"Двадцать седьмая теорема этики" - читать интересную книгу автора (Стругацкий Борис)

6

В пятьдесят шестом Виконт затащил его в археологическую экспедицию. У Виконта образовался откуда-то приятель-археолог, который каждое лето ездил в район Пенджикента копать древние кушанские (кажется) захоронения. Виконт, как вдруг выяснилось, увязывался за ним уже в третий раз. Он очень сбивчиво (и без всякого сомнения — лживо) объяснял, почему это позарез ему необходимо: якобы это связано с его новым увлечением древней историей, Сасанидами, Персией вообще и вопросами древнеперсидской ветеринарии в частности… «Уши же вянут тебя слушать!» — сказал ему тогда Станислав, потрясенный невероятным напором этого плохо продуманного вранья. «А ты не слушай! — горячо посоветовал Виконт. — Ты мне скажи: вьется над морями Черный Роджер или уже нет?» «Ну, вьется. Но я-то тебе зачем?» «Да какая тебе разница! Поехали, и все» И они поехали, причем Станислав удрал от своего научного руководителя, даже не позвонив ему и не соврав хоть что-нибудь — обыкновенной вежливости и приличия для.
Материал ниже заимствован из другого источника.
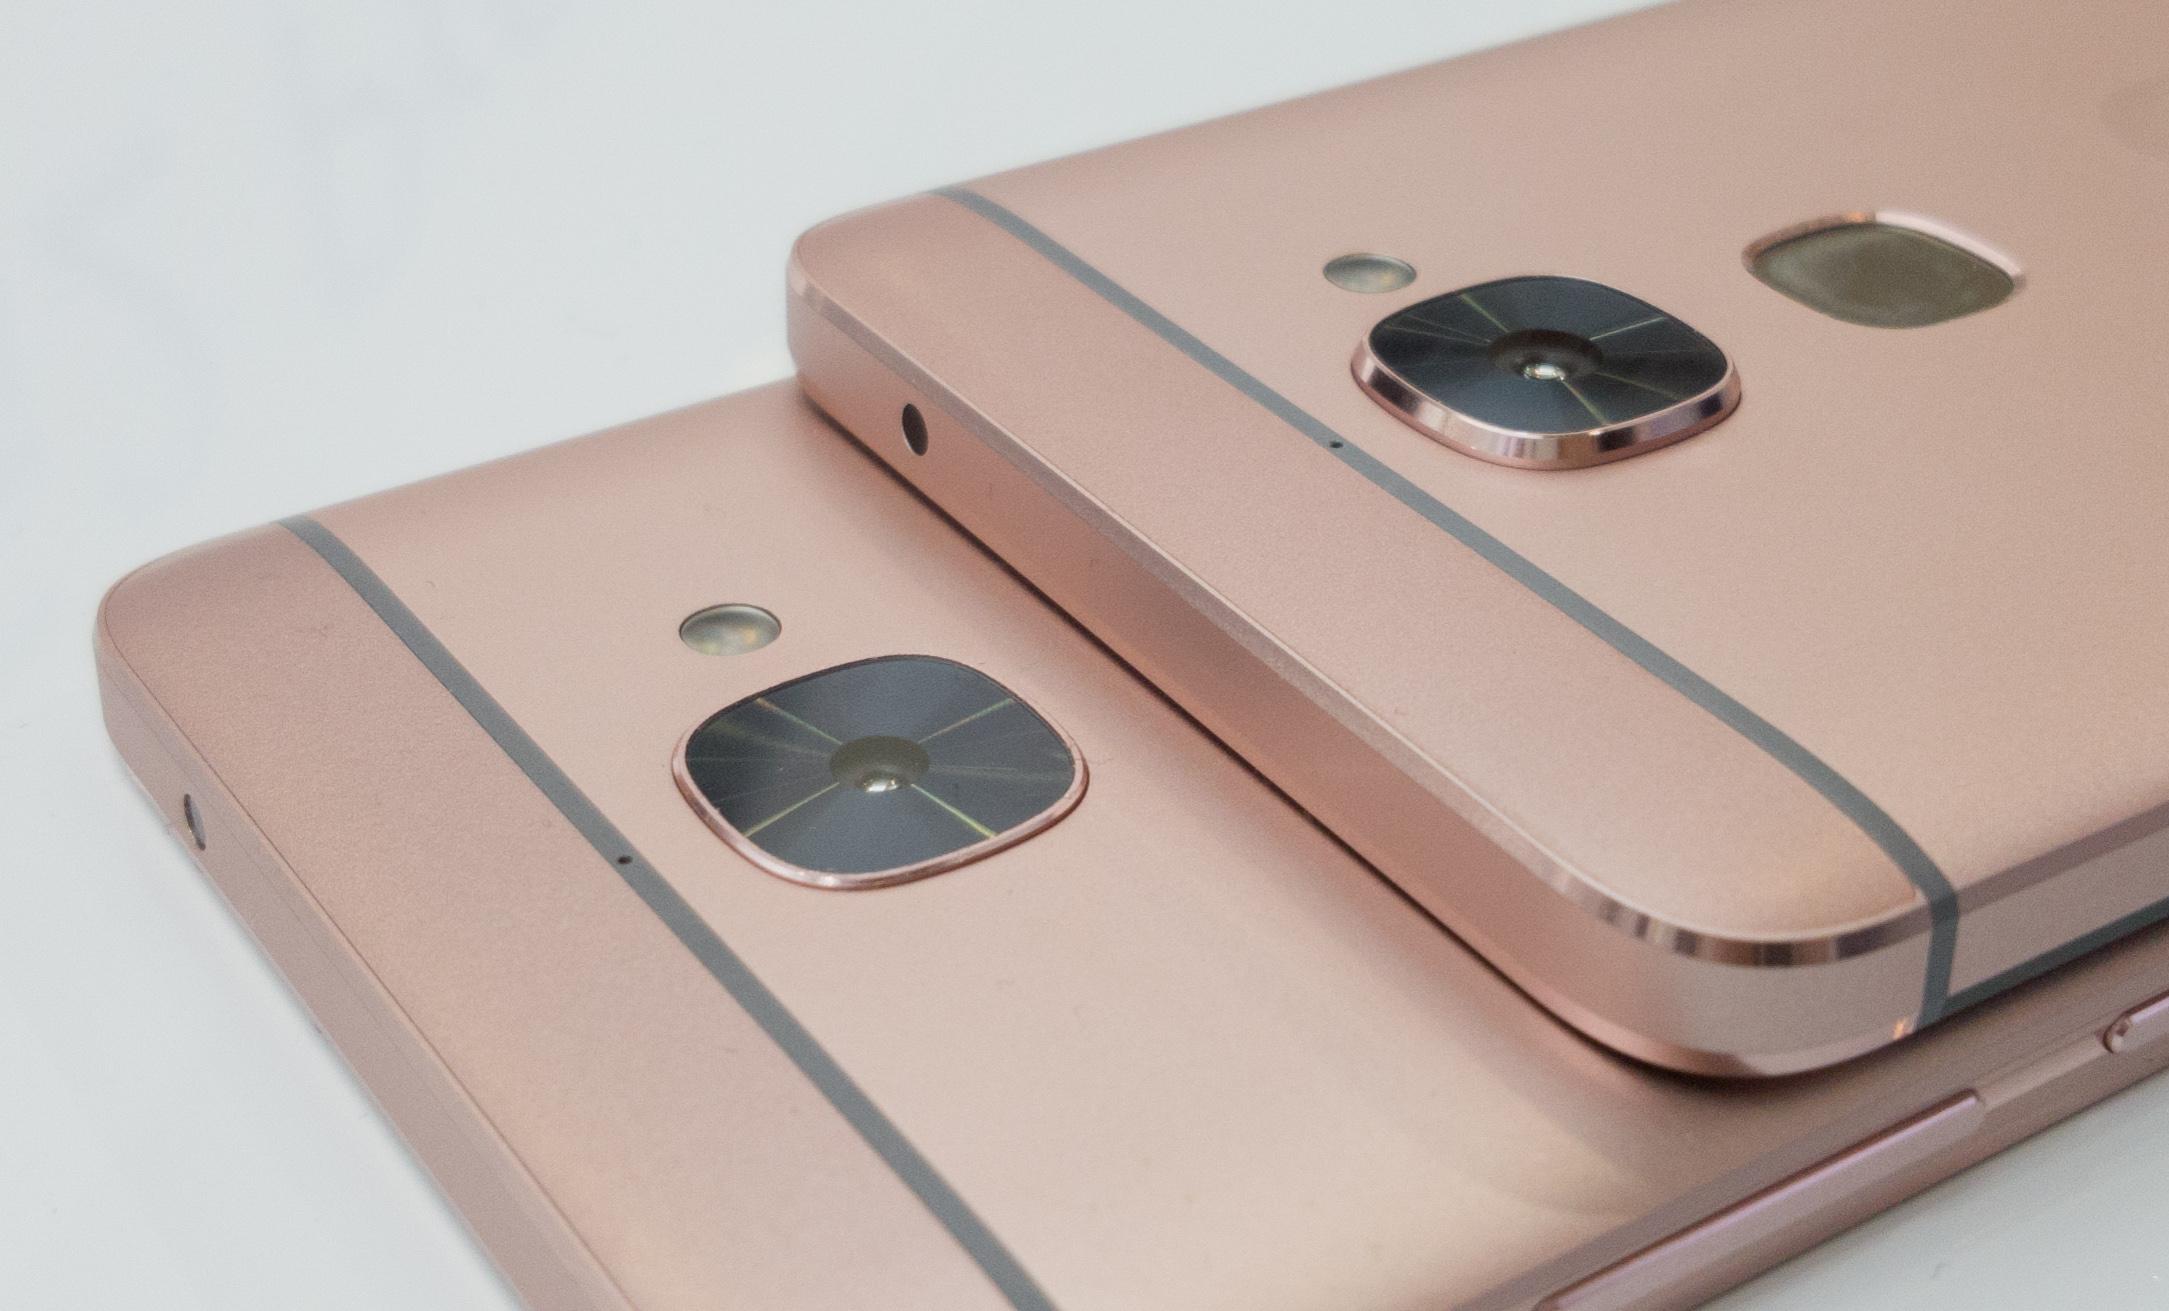 LeEco Announces New Le 2, Le 2 Pro, and LeMax 2

(…Арабская, изощренно прекрасная каллиграфическая вязь, как бы вытекающая из ловкого пера — с росчерками, завитушками, многозначительно разбросанными точками… Изощренно прекрасные новые слова: «девани», «магреб», «насталик»… «Фарси», «ирани»… Гортанная, с придыханиями речь, словно от мучительно подавляемого восторга… Откуда это взялось вдруг в Виконтовой жизни? Почему, зачем? Потому лишь, что дедушка-генерал оставил ему в наследство коллекцию древних монет? Или чтобы насладиться в подлиннике всеми этими Фирдоуси, Низами, Саади?.. Немыслимо прекрасные стихи:

Вдали от милой жжет тоска,

Вблизи — терзает страх измен,

С тобой и без тебя — Печаль!

И сердцу и уму — Печаль!

Как тесно сердцу моему среди несокрушимых стен!

Его повергла в эту тьму,

Воздвигла для него тюрьму

— Печаль!..

«Печаль!» — говорили они теперь по всякому поводу и без повода тоже. «Джя таршед ва баче нист», — говорили они теперь вместо того, чтобы сказать по-русски «только что, недавно»… Просто так, для красоты слога, они это тоже говорили, особенно при девушках. «Место еще мокро, но бача уже ушел»…

Поветрие. Блажь внезапная. Помрачение ума… Причем помрачение — благородное! Хорошо, но зачем же теперь переться через весь Союз неведомо куда — за семь верст киселя хлебать? Что это еще за древнеиранская ветеринария?..)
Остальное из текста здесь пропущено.